→ WORKING DATA
┄┄┄┄┄┄┄┄┄┄┄┄┄┄┄┄┄┄┄┄

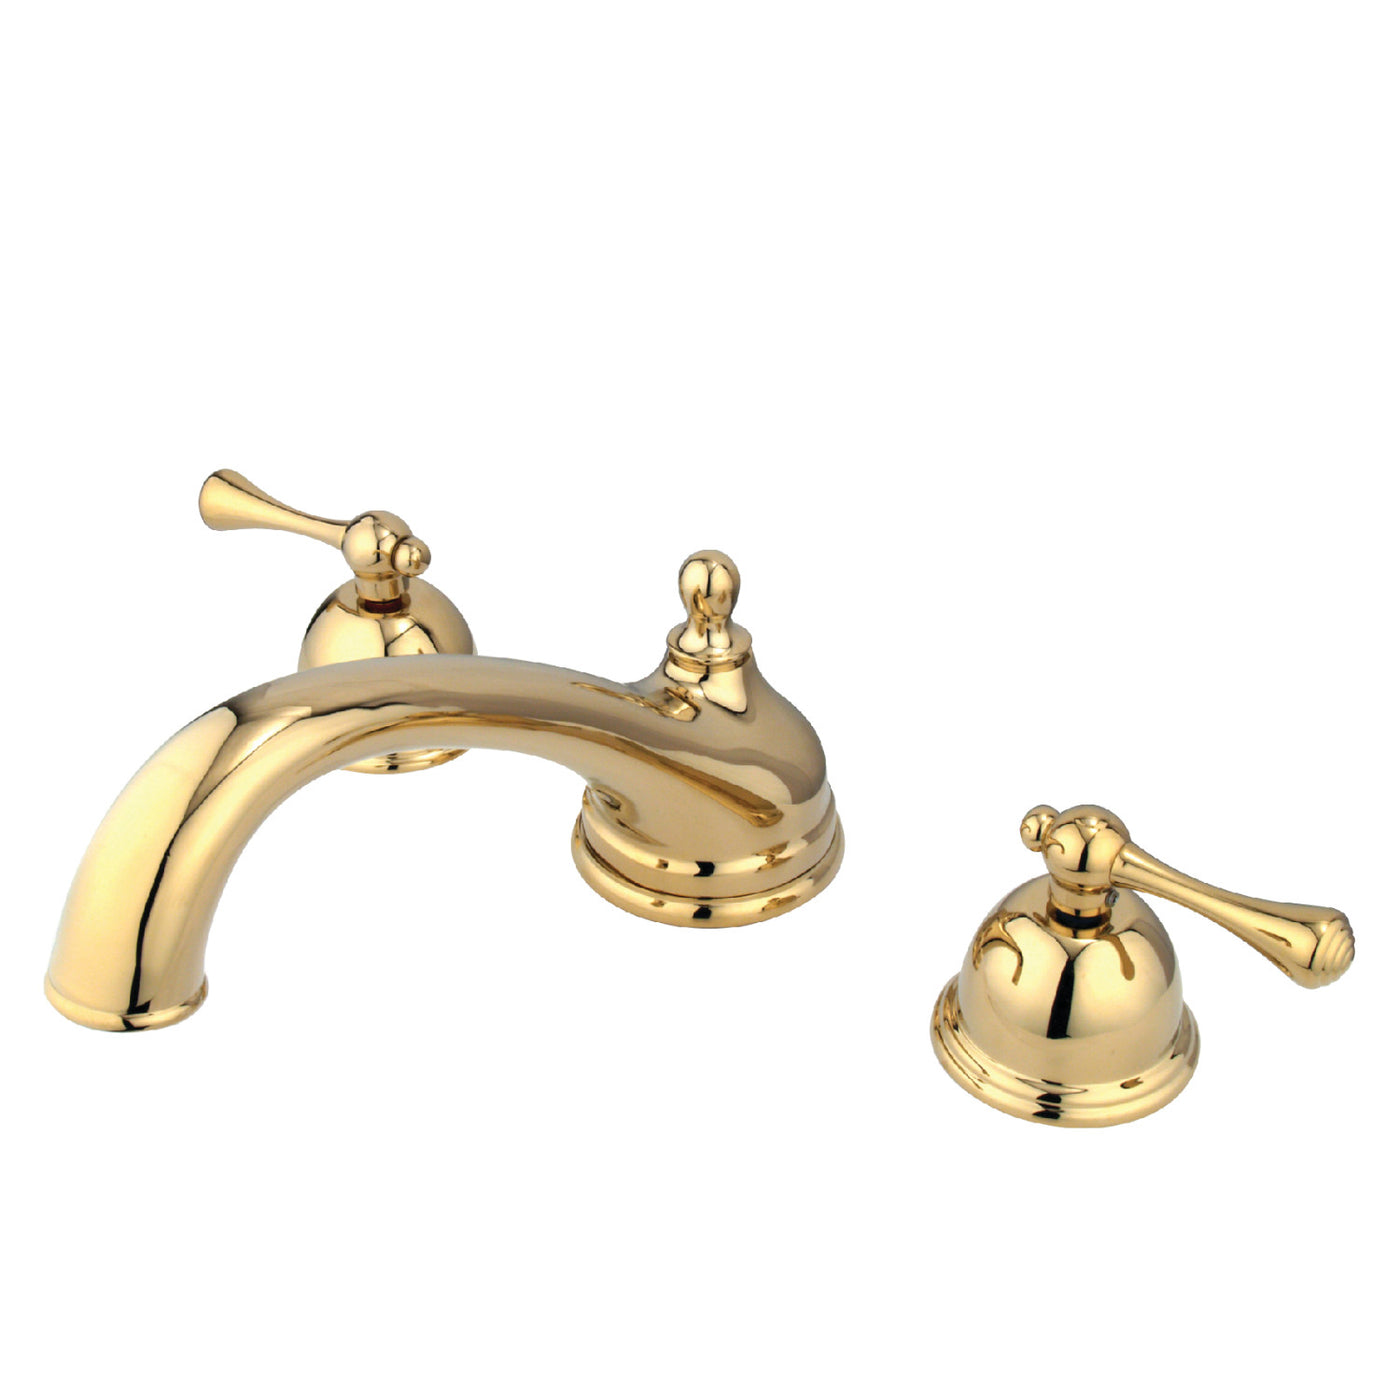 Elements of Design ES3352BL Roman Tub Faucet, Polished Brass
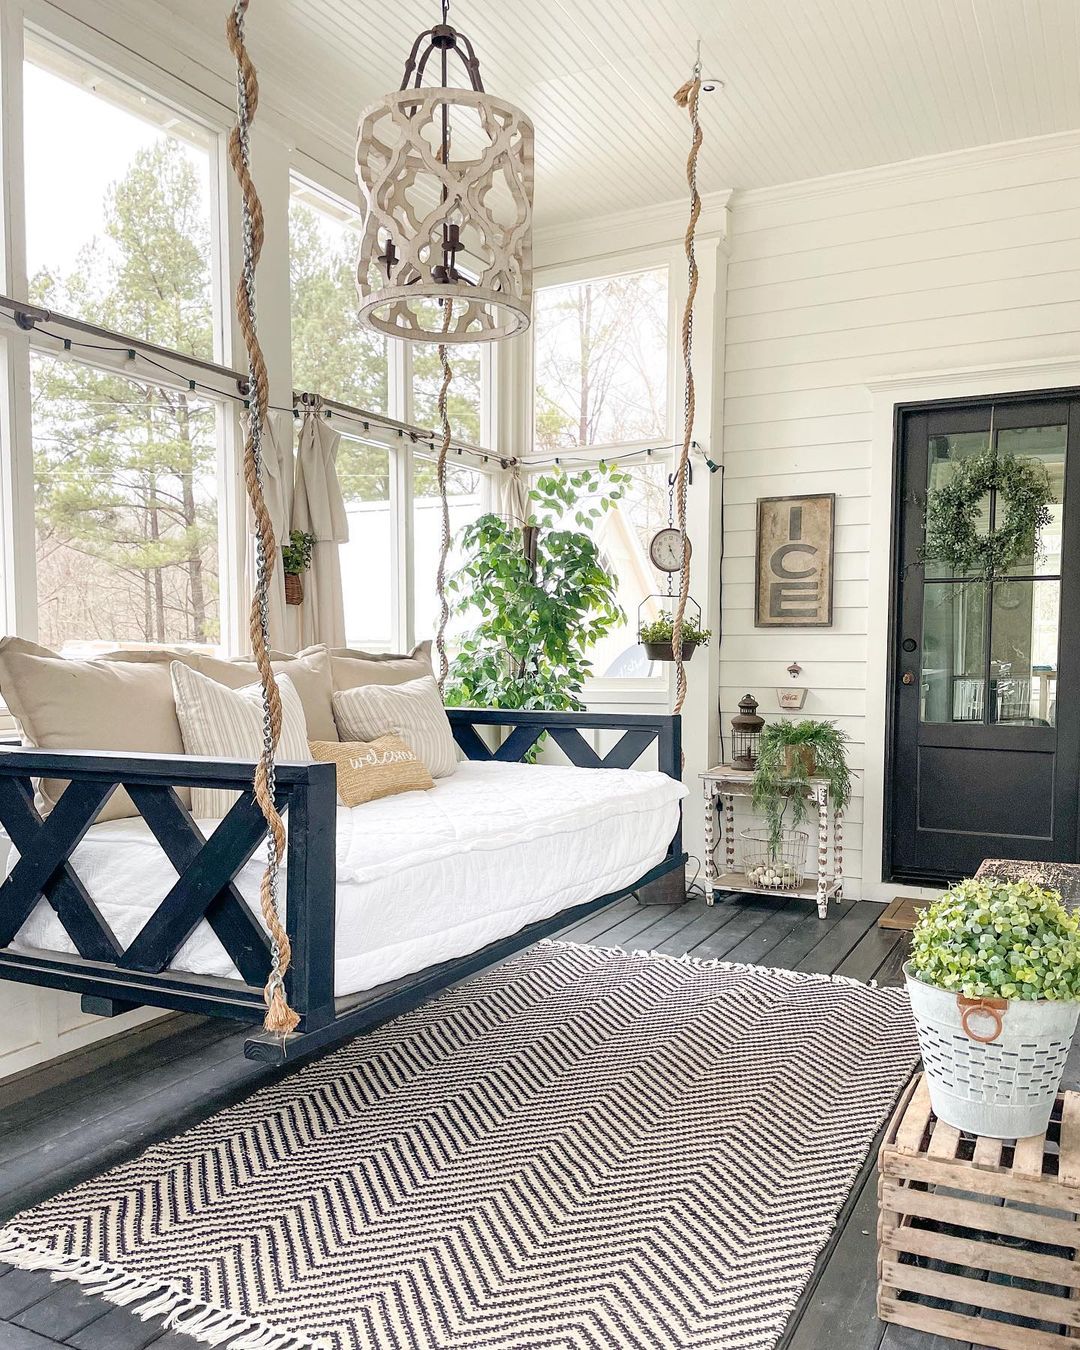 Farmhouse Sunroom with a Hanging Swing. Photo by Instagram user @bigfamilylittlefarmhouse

┄┄┄┄┄┄┄┄┄┄┄┄┄┄┄┄┄┄┄┄

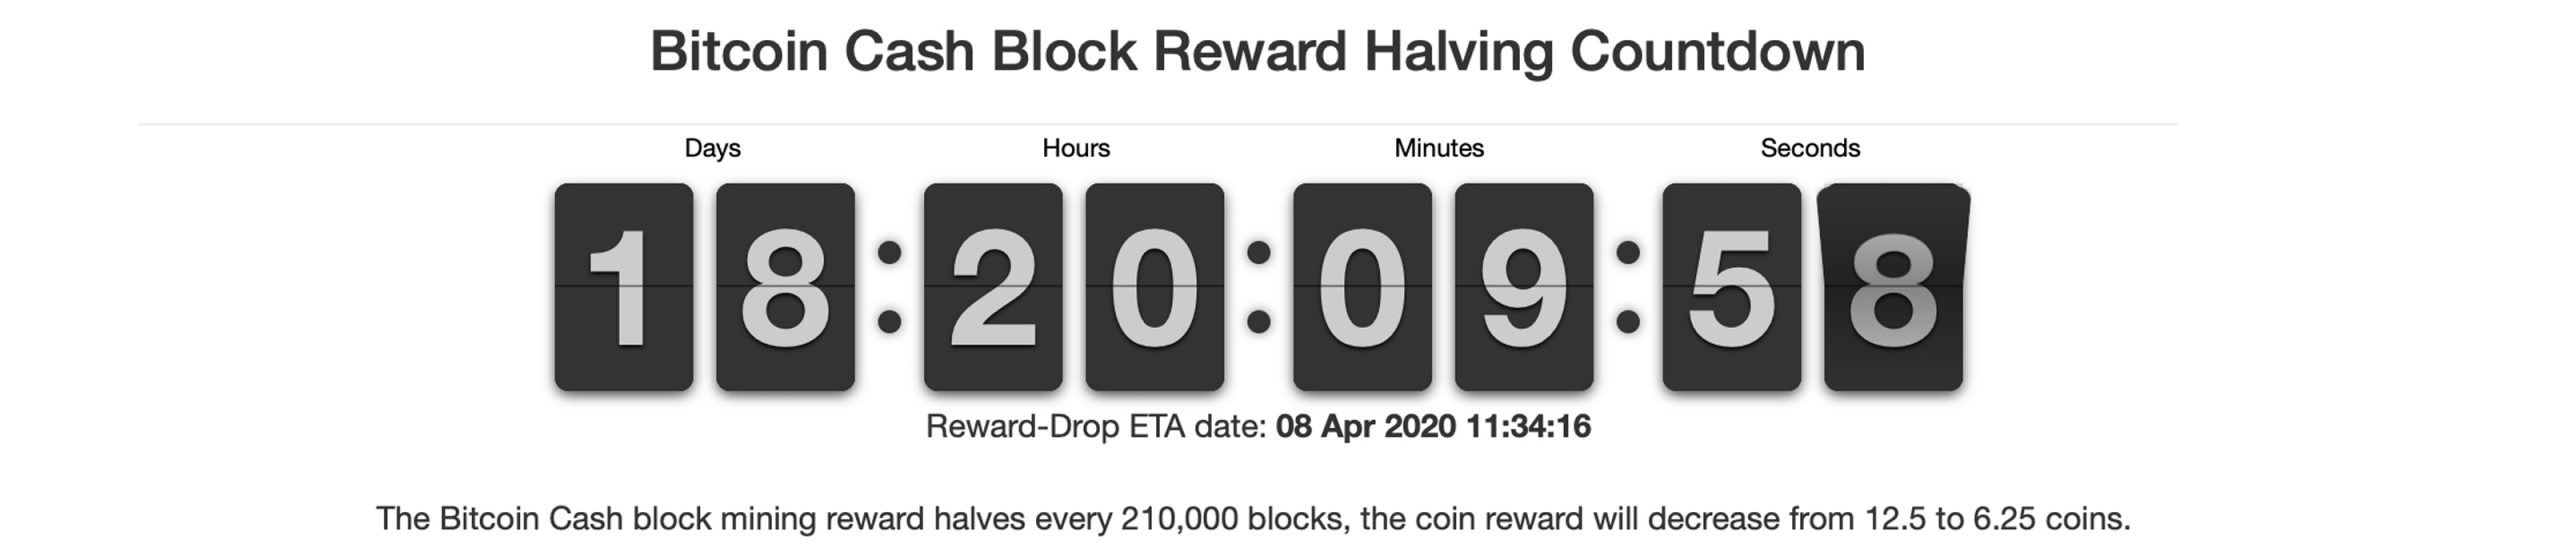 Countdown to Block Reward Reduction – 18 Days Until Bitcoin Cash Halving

┄┄┄┄┄┄┄┄┄┄┄┄┄┄┄┄┄┄┄┄

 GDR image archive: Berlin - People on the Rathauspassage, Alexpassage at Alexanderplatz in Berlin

┄┄┄┄┄┄┄┄┄┄┄┄┄┄┄┄┄┄┄┄

→ WHAT TO DO
Set down word for word the lines above from the one with "Elements of Design" up to and including the one with "Farmhouse Sunroom with". Omit every picture.

→ TASK RESULT
 Elements of Design ES3352BL Roman Tub Faucet, Polished Brass
 Farmhouse Sunroom with a Hanging Swing. Photo by Instagram user @bigfamilylittlefarmhouse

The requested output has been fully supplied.